*WHAT YOU WILL DO*. Restate word for word the entries below, starting at the line with "ready to go ✨✨" and ending at the line with "#kivari_the_label #georgiegeorgestyle". Keep both end lines and omit the pictures.

SOURCE RECORDS Block Start

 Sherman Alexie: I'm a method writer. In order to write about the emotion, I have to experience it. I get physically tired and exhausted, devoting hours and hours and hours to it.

SOURCE RECORDS Block End
SOURCE RECORDS Block Start

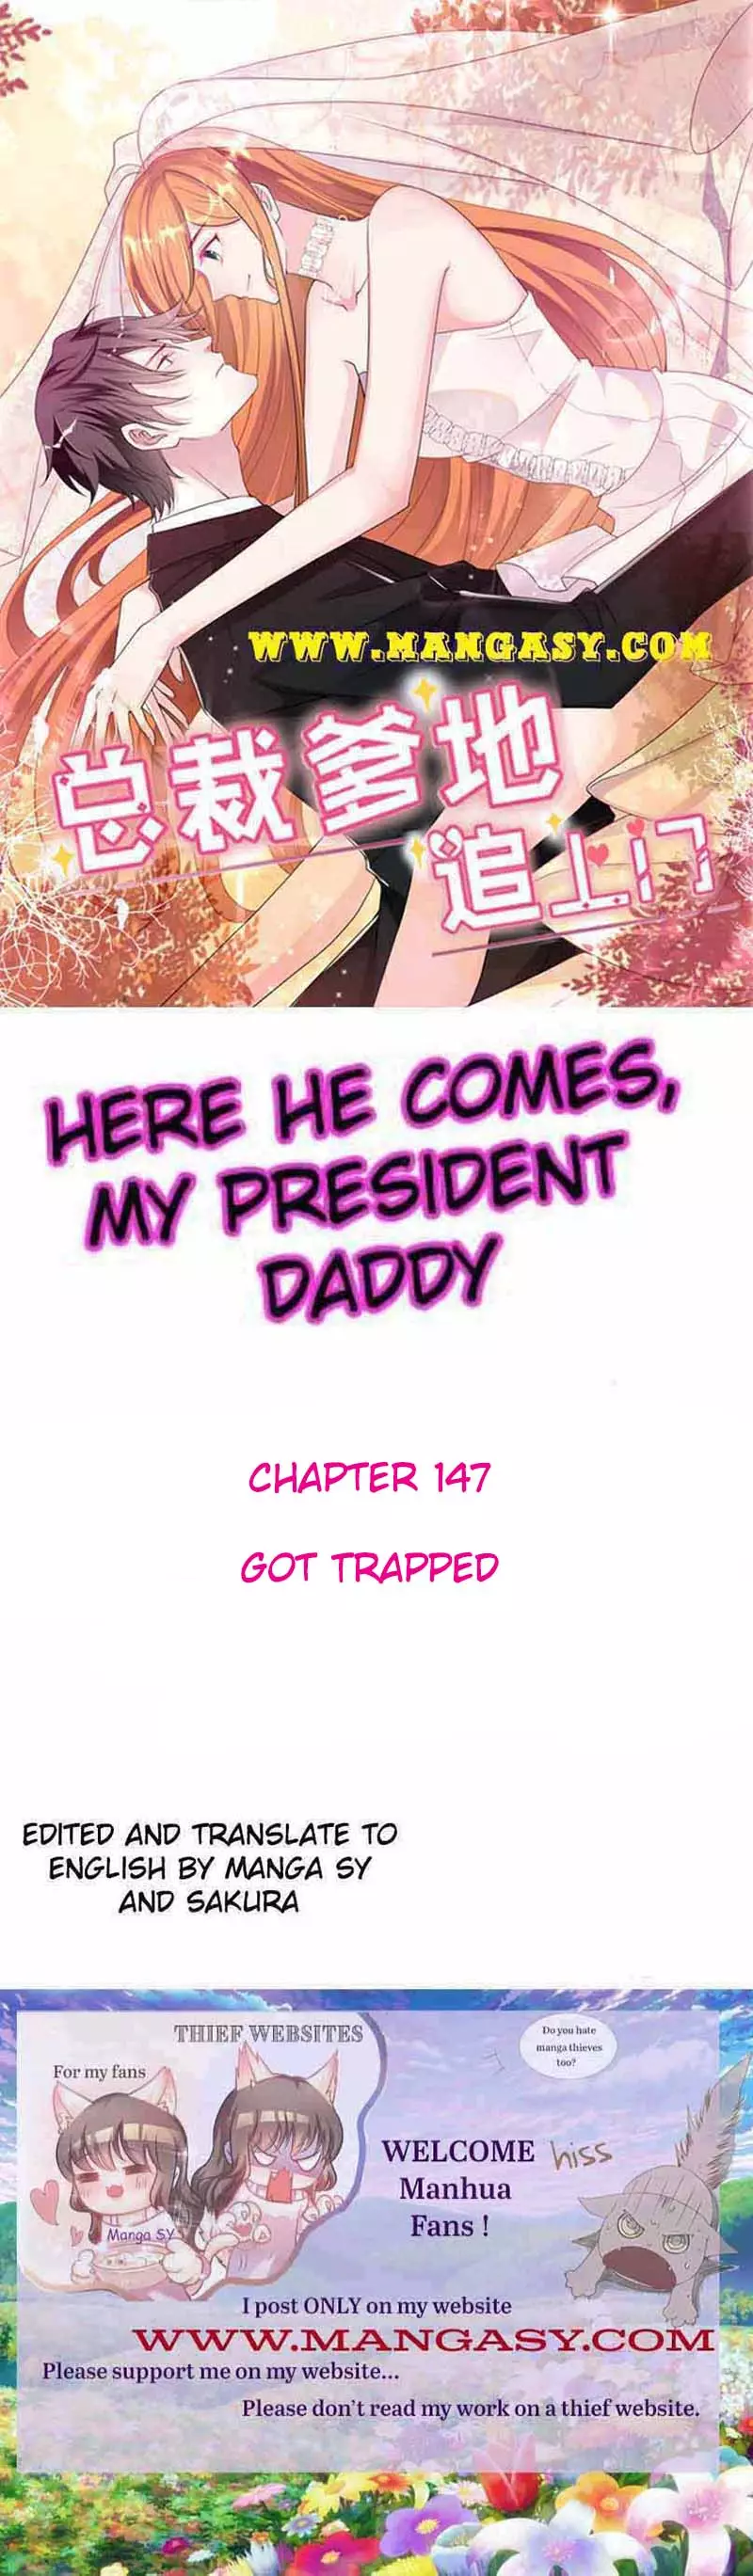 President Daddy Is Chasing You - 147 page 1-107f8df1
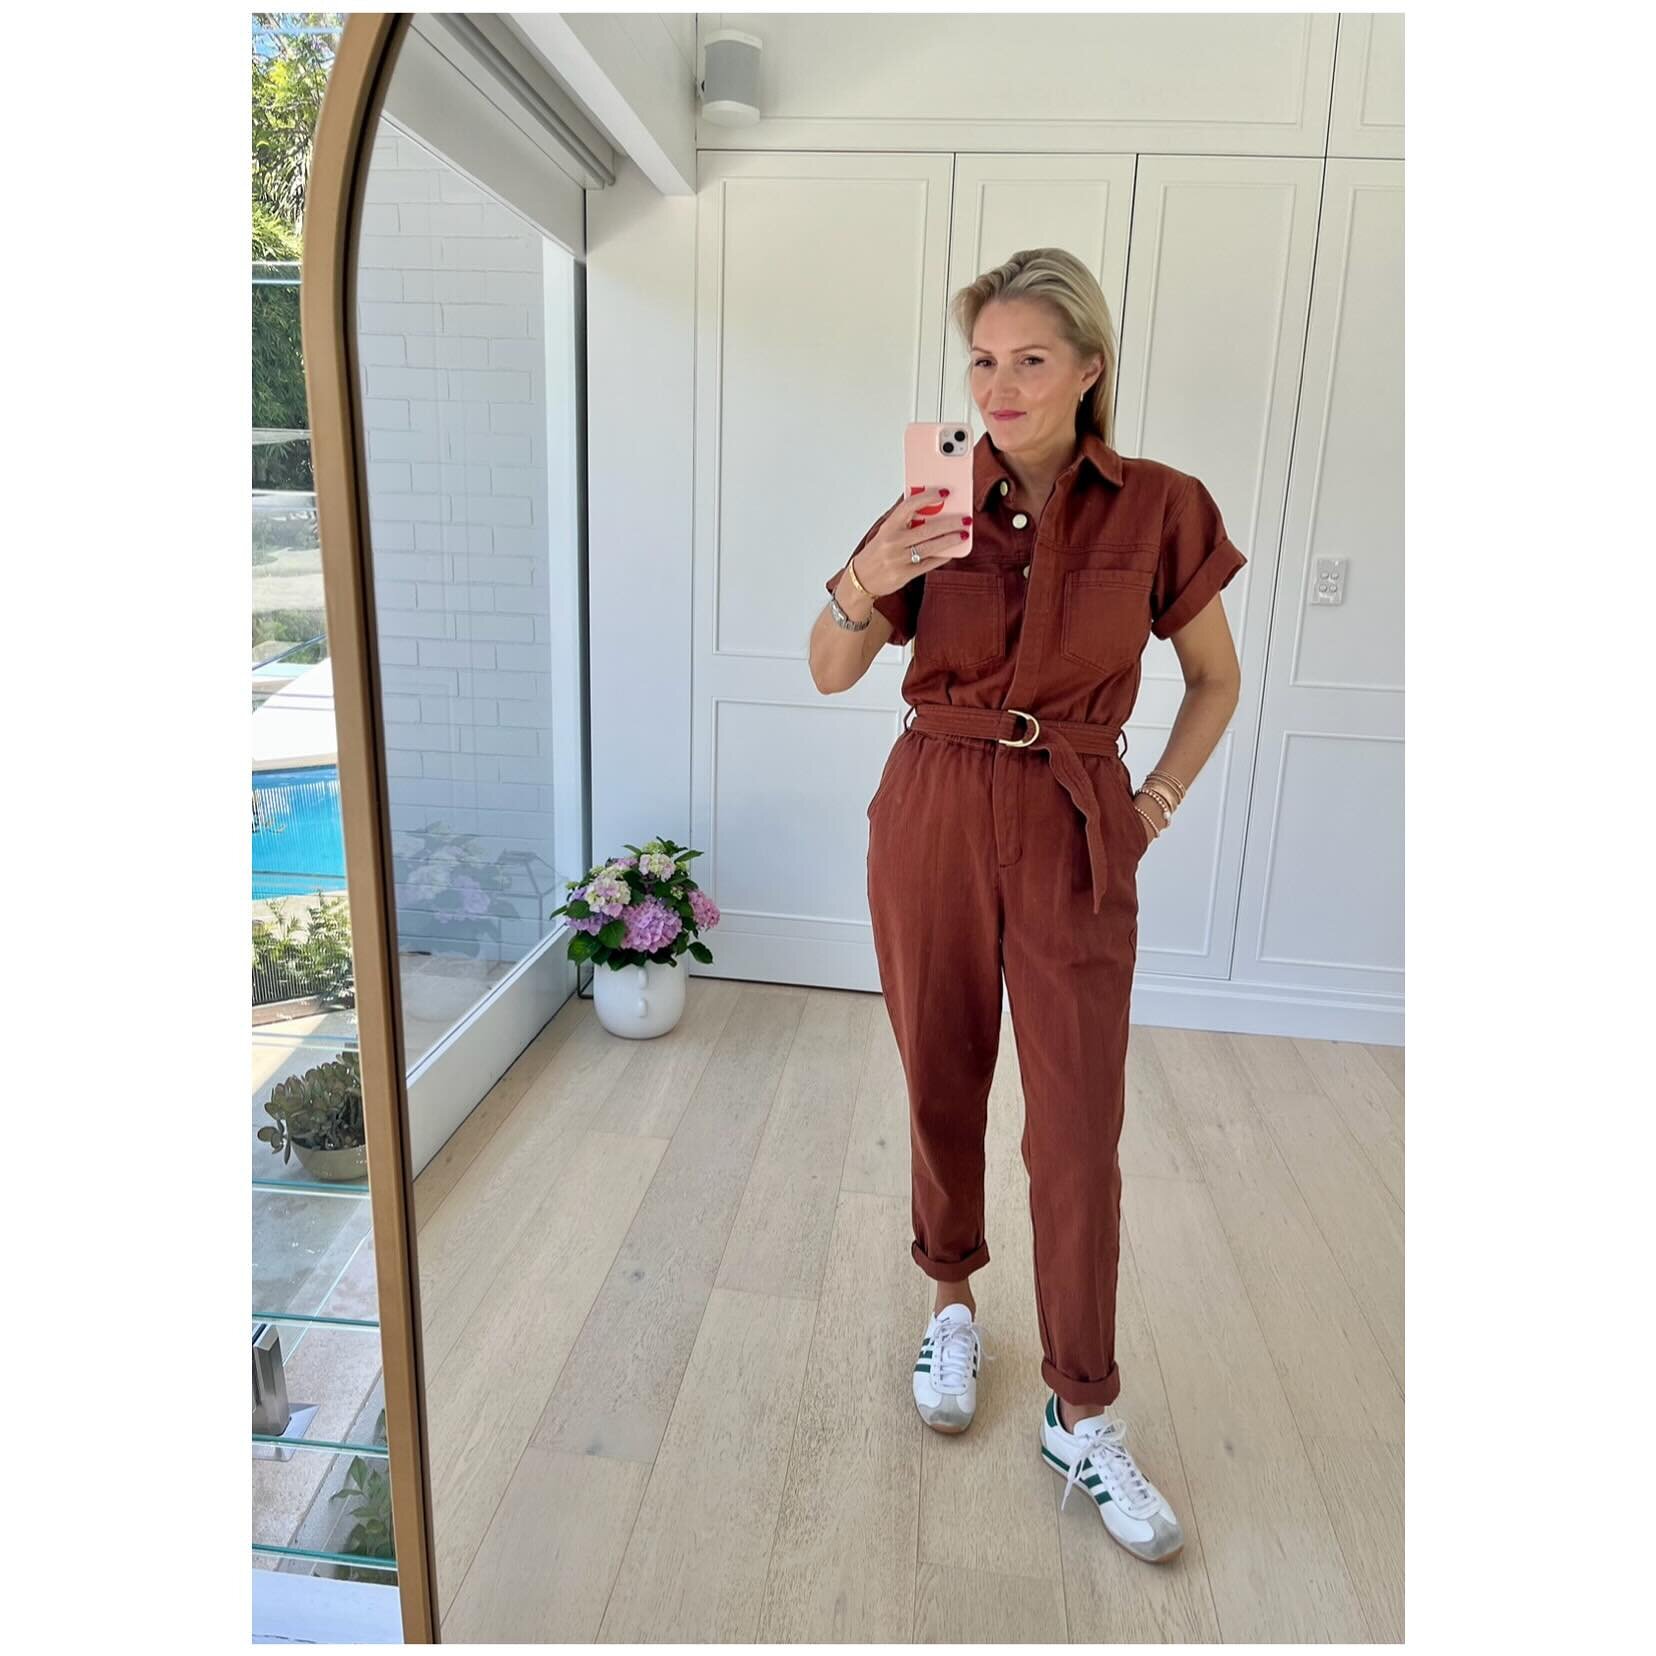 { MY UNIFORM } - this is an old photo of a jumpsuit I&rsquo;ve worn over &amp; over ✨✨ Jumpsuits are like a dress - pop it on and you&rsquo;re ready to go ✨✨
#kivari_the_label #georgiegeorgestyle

SOURCE RECORDS Block End

*SOLUTION FOR THIS EXERCISE*.
 { MY UNIFORM } - this is an old photo of a jumpsuit I&rsquo;ve worn over &amp; over ✨✨ Jumpsuits are like a dress - pop it on and you&rsquo;re ready to go ✨✨
#kivari_the_label #georgiegeorgestyle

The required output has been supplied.